Is it a reference to one of Sherlock Holmes' "lost cases"? Watson mentions it in passing in another story. There is a pastiche available called _The Giant Rat of Sumatra; from The Lost Cases of Sherlock Holmes_ by Daniel Gracely --


It is indeed.
It's a reference to what Holmes describes as

"Matilda Briggs was not the name of a young woman, Watson, it was a ship which is associated with the giant rat of Sumatra, a story for which the world is not yet prepared."
The passage is at the start of The Adventure of the Sussex Vampire.

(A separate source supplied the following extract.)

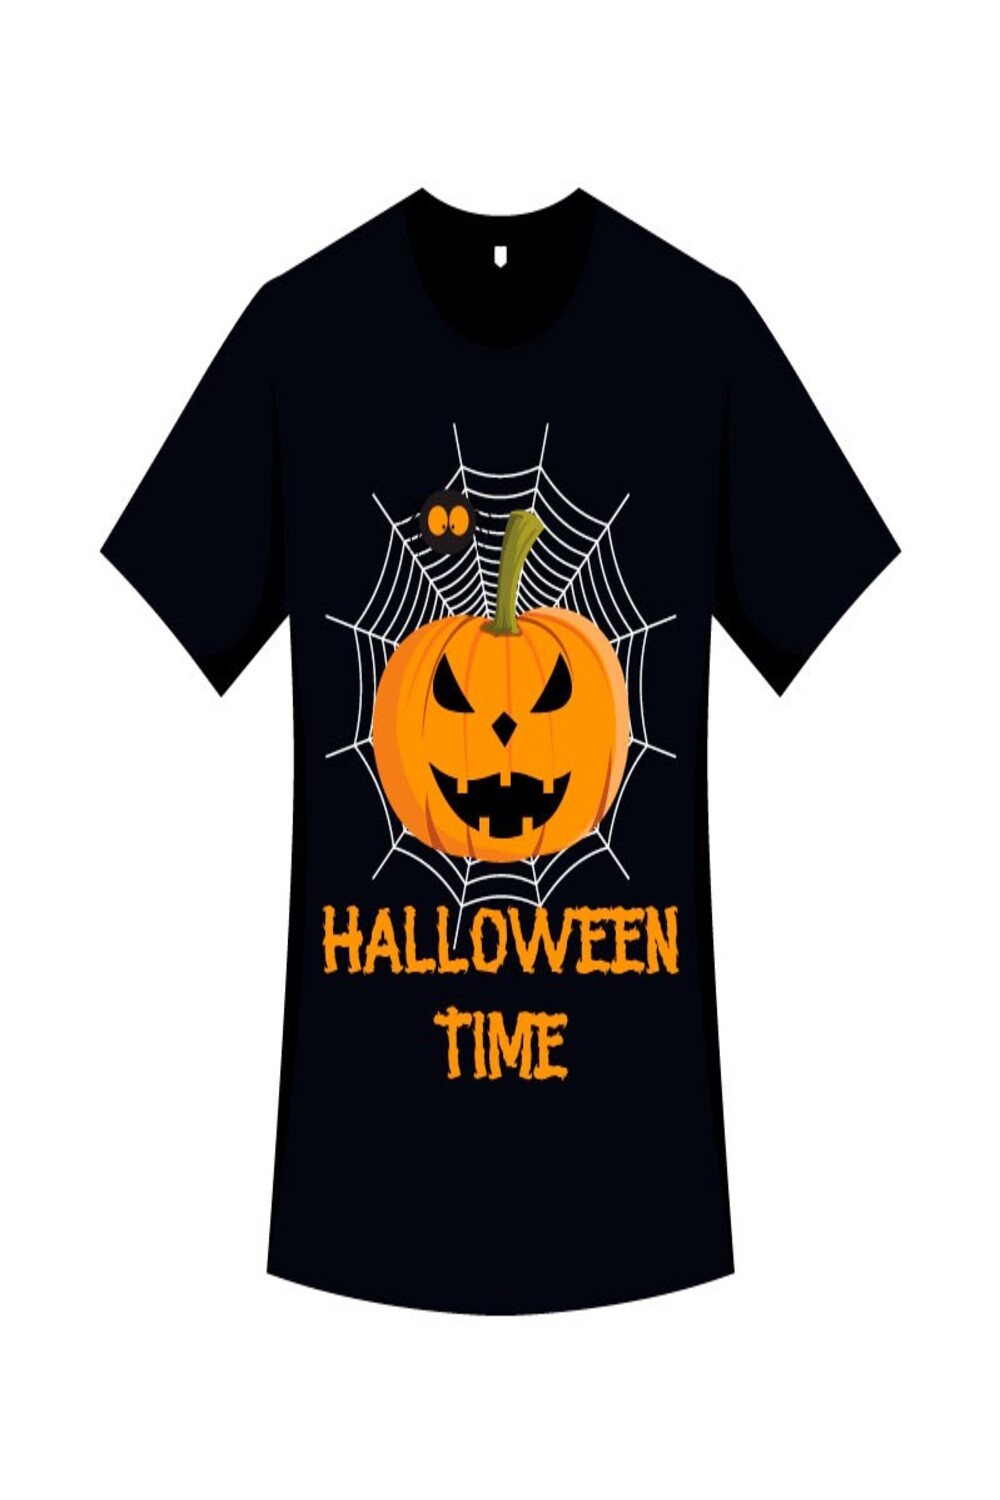 Halloween Shirt Design with Pumpkin pinterest image.
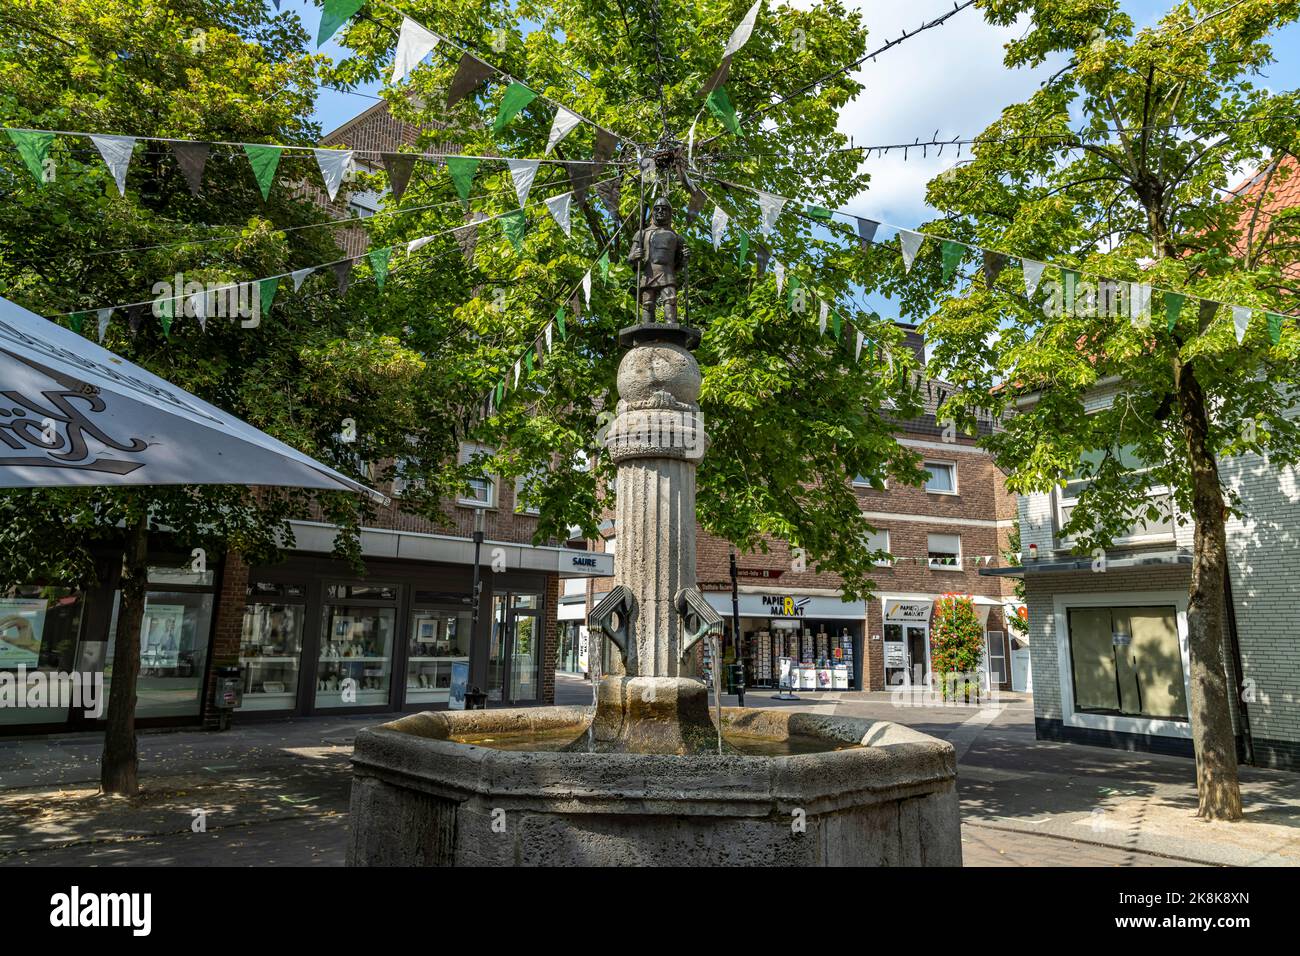 Brunnen auf dem Kornmarkt, Borken, Münsterland, Nordrhein-Westfalen   |   Fountain on Kornmarkt Square in Borken, North Rhine-Westphalia, Germany Stock Photo

The pastiche you mention is one of an enormous number. I have neither the time nor the money to become a serious collector of Holmes pastiches but even as a part time collector I have around seventy volumes of them (and as some are thick volumes of short stories if we actually split that down it works out at about two hundred and fifty stories).

I have a bibliography which is fifteen years out of date which lists 177 pastcihes and parodies which I don't have. There have been numerous additions since then.

There have been Holmes stories by Spike Milligan, John Lennon, Stephen King, JM Barrie and Basil Rathbone.

There's the notorious My Dearest Holmes in which Holmes and Watson are gay.
There are spin off series featuring Lestrade, Watson, Irene Adler, Mycroft Holmes and even Mrs Hudson.
Holmes has met Dracula, Freud, Oscar Wilde, Frankenstein, Jack The Ripper and Annie Oakley. (Some of them more than once in mutually incompatible stories).
He's solved mysteries in Wonderland, Oz and on the moon.
There are accounts of his early life and the missing years.

There's even (and you'll understand just why I had to get this one) Sherlock Holmes and the Alice In Wonderland Murders.
(Unfortunately the title is better than the book.)

In short there are a lot of pastiches. Probably thousands rather than hundreds.

The Giant Rat of Sumatra is one of the better ones surpassing the standard of many of the later Conan Doyle stories.

One final note, if anyone has or knows where I can get any of the August Derleth "Solor Pons" books I might be persuaded to make an offer.

Edited to add

Actually the "The Giant Rat of Sumatra" that I was referring to was by Richard L. Boyer, not Daniel Gracely so that means there's yet another to put on my list.

Purgamentum init, exit purgamentum

Read all about my travels around the world here.

[This message was edited by BobHale on Thu Jan 23rd, 2003 at 8:46.]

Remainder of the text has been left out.